Scheduled Overhauls to Childhood Immunization Schedule

Public health authorities were set to announce radical revisions to the childhood immunization program recently, aligning the US with Denmark’s national calendar, according to reports – a substantial departure that would put the US out of alignment with many the world with no evidence for public health gain. The planned update has been postponed until the new year.

Rather than Vinay Prasad, Tracy Beth Høeg is scheduled to present at the meeting. She was just designated temporary leader of the FDA’s drug evaluation center, the fifth appointee to head the office this calendar year.

A New Direction at the Agency

Høeg's temporary position could signify a strengthened alliance between the pharmaceutical and vaccine centers as Dr. Høeg and Dr. Prasad solidify control at the regulatory agency – and it points to a increased emphasis upon dismantling long-standing vaccines at the FDA.

The new acting director has repeatedly called for discontinuing certain pediatric shot schedules in the US in order to be more in line with Denmark, a society with nationalized medicine and a number of inhabitants roughly the population of the state of Wisconsin.

In her initial comments, she has kept her attention on vaccines – usually the domain of Dr. Prasad, chief of the FDA’s CBER – as opposed to medication approval.

Concerns Over Expertise

Dr. Høeg has little discernible background in drug development, oversight or administrative roles, which has been typical for past directors of the biologics center. She has worked at the FDA as a top consultant to the commissioner and CBER since earlier this year.

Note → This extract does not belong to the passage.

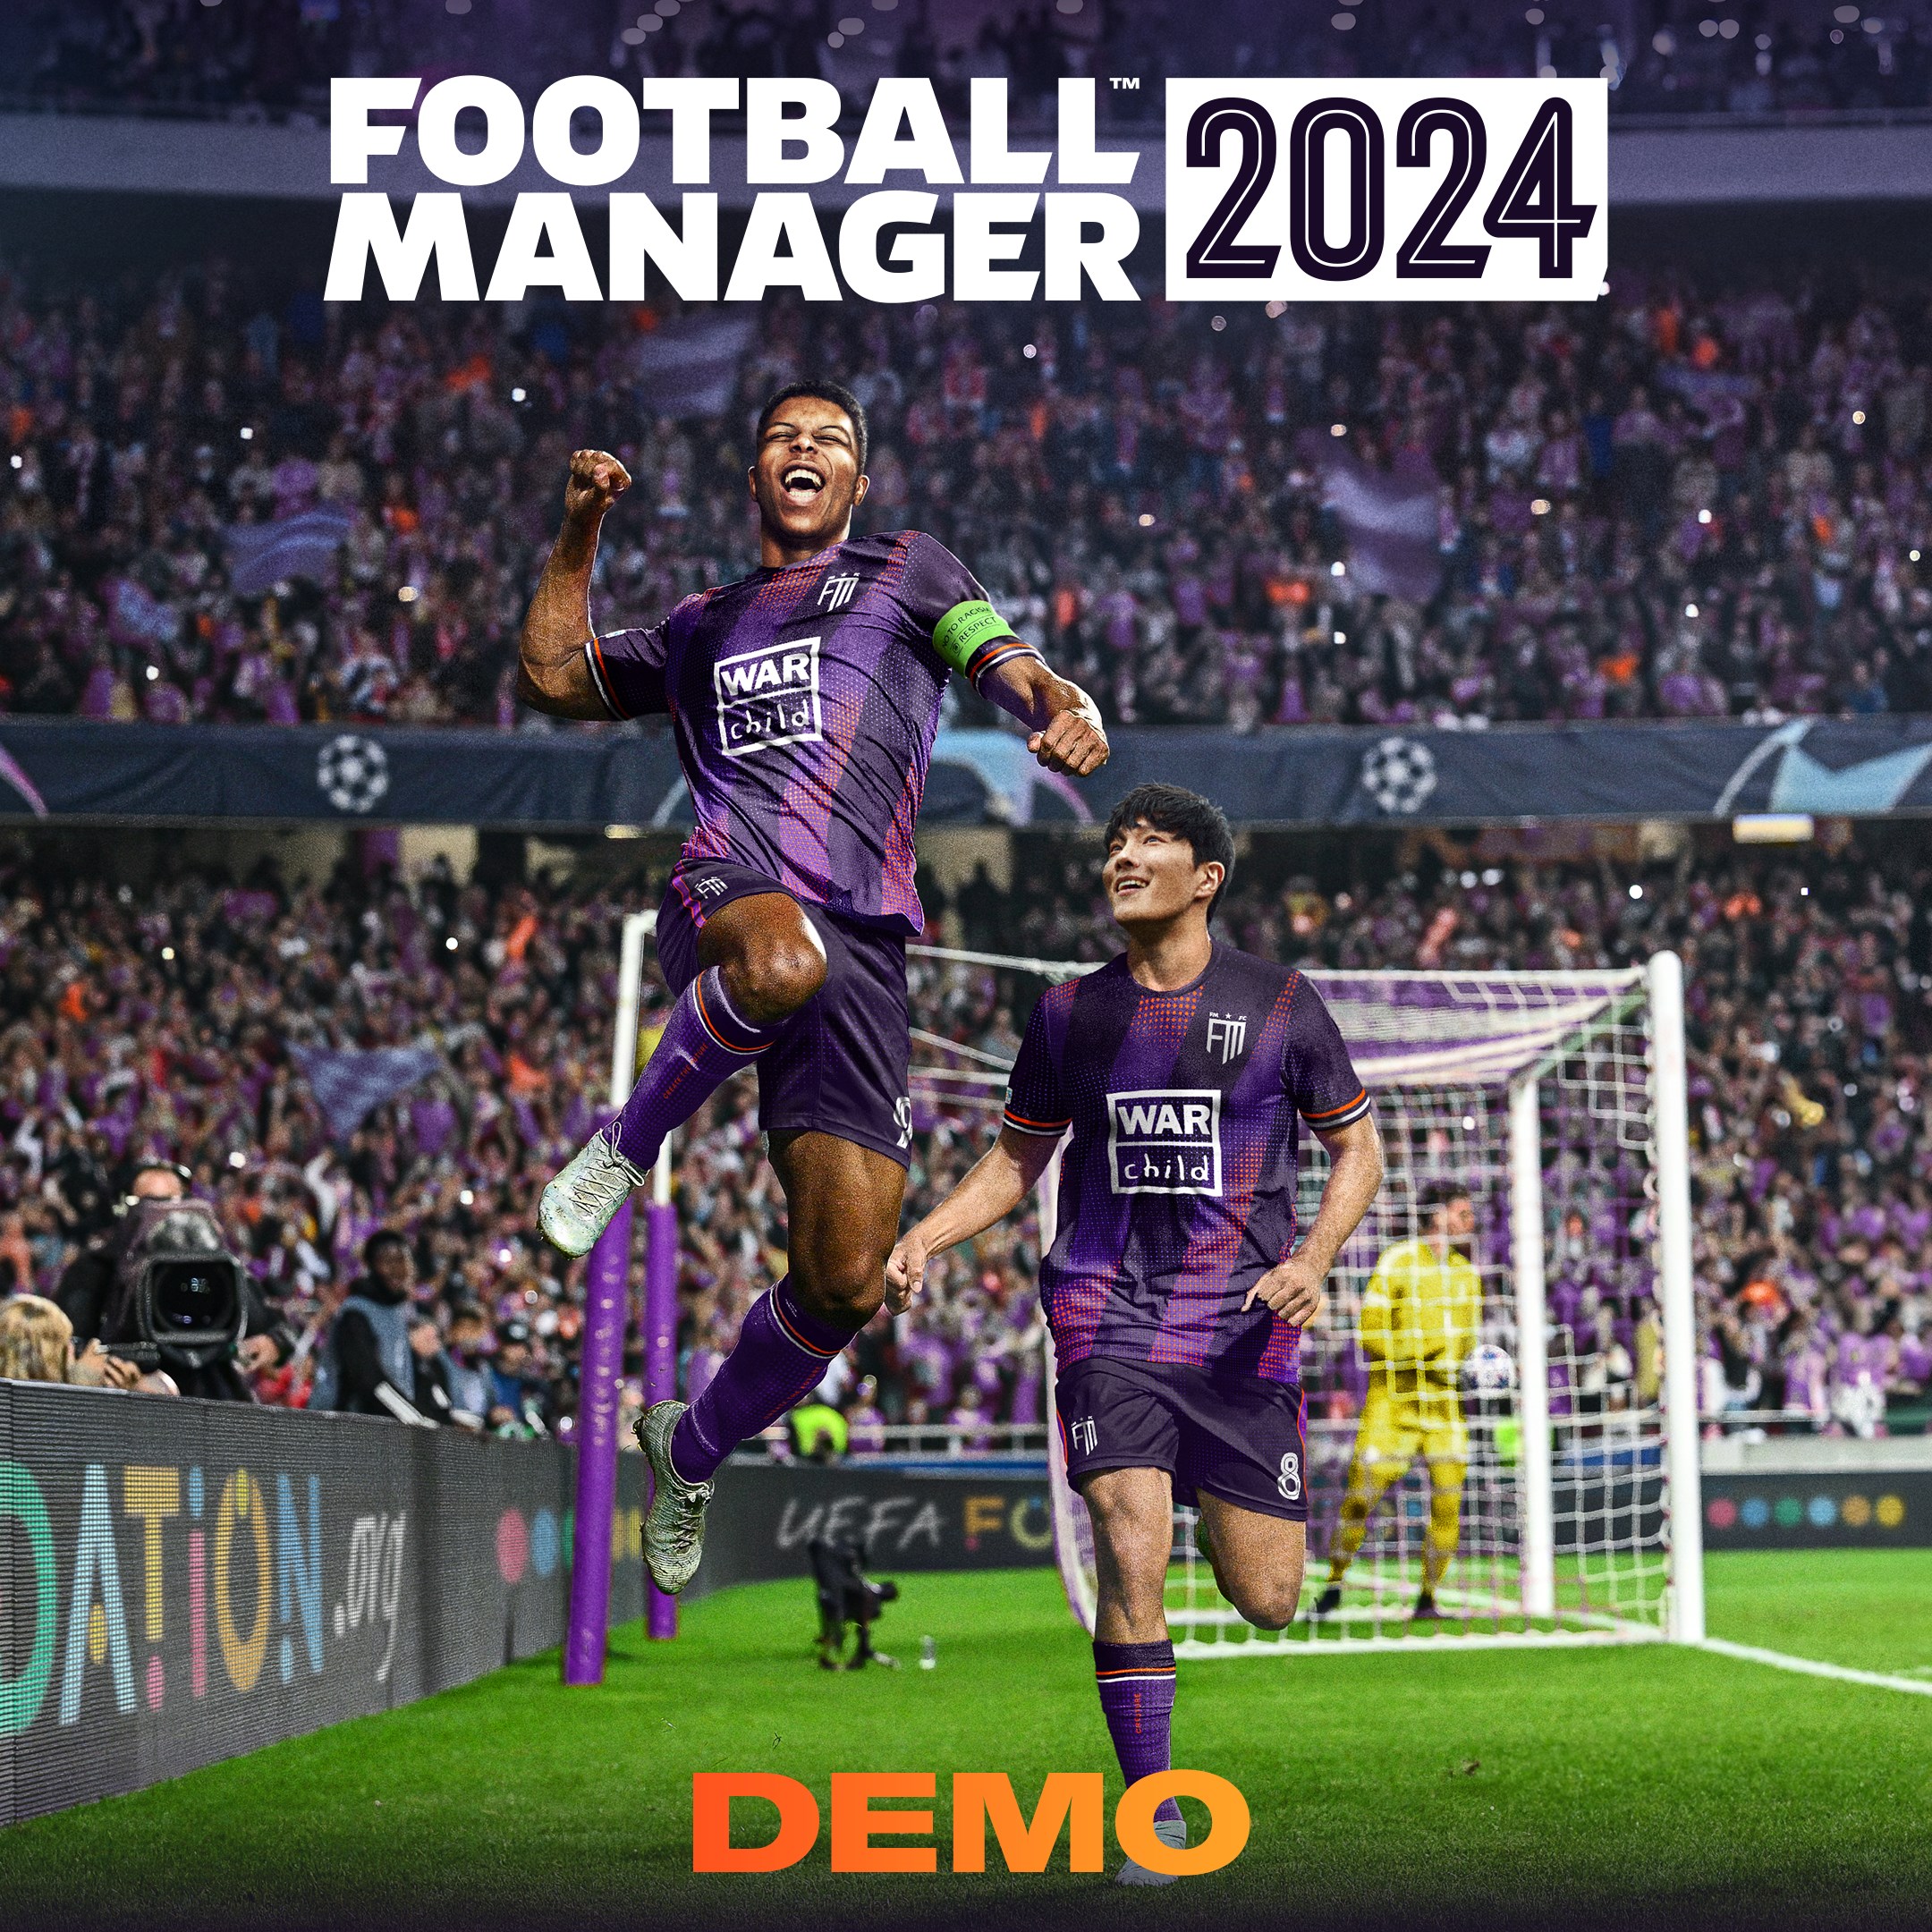 Football Manager 2024 Demo Official game in the Microsoft Store
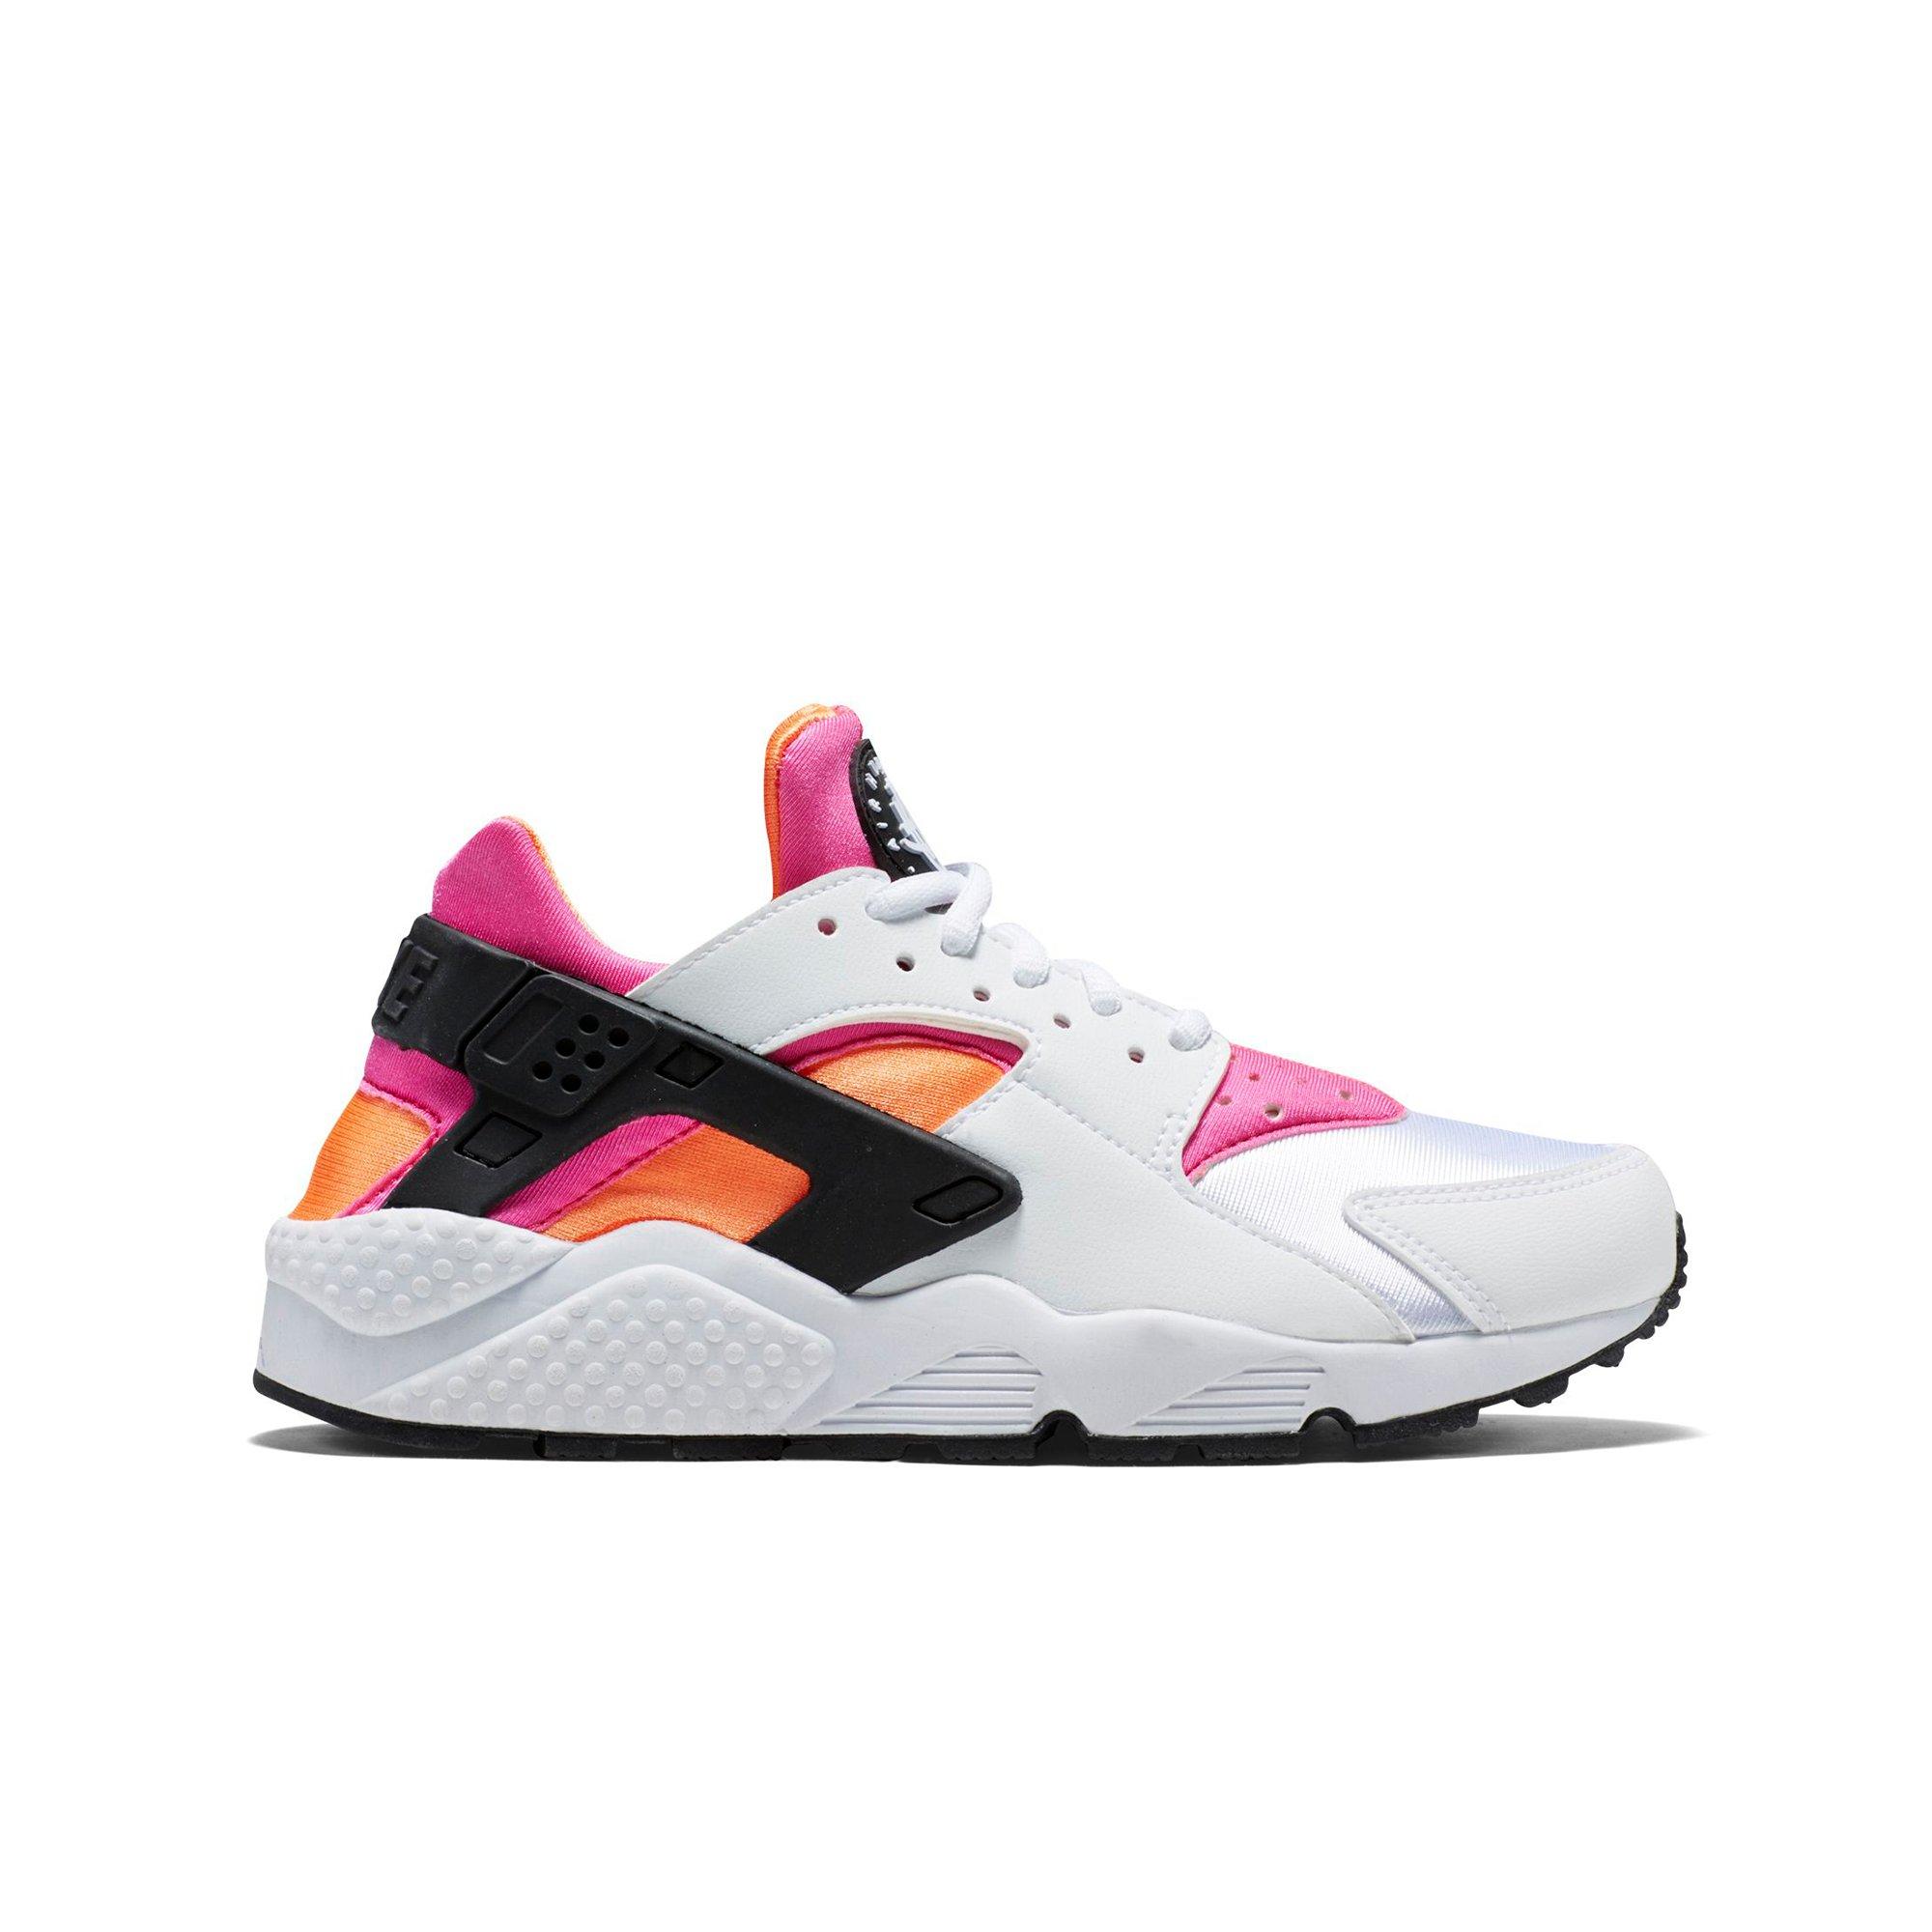 pink and orange tennis shoes

“She appears not to have any of the qualifications” for running the drug-regulation department, stated Jonathan Howard. “She’s never run a scientific study. She lacks experience in leading a sizeable institution. She is not an expert in industry regulation.”

Former commissioners of CBER would “understand legal statutes and the underlying principles of drug development”, said Dr. Janet Woodcock. “Clearly, she lacks the sort of resume that prior appointees who ran CBER have had.”

CDER has an vast portfolio at the agency, the former commissioner emphasized.

“Many people just zeroes in on the novel medication approvals, but the generic program authorizes a multitude of generic drugs. There is also a biosimilars program, over-the-counter program and more, and every single one need to be supervised,” Woodcock said. “The area you neglect, that is the part that I always told people is going to come back to haunt you.”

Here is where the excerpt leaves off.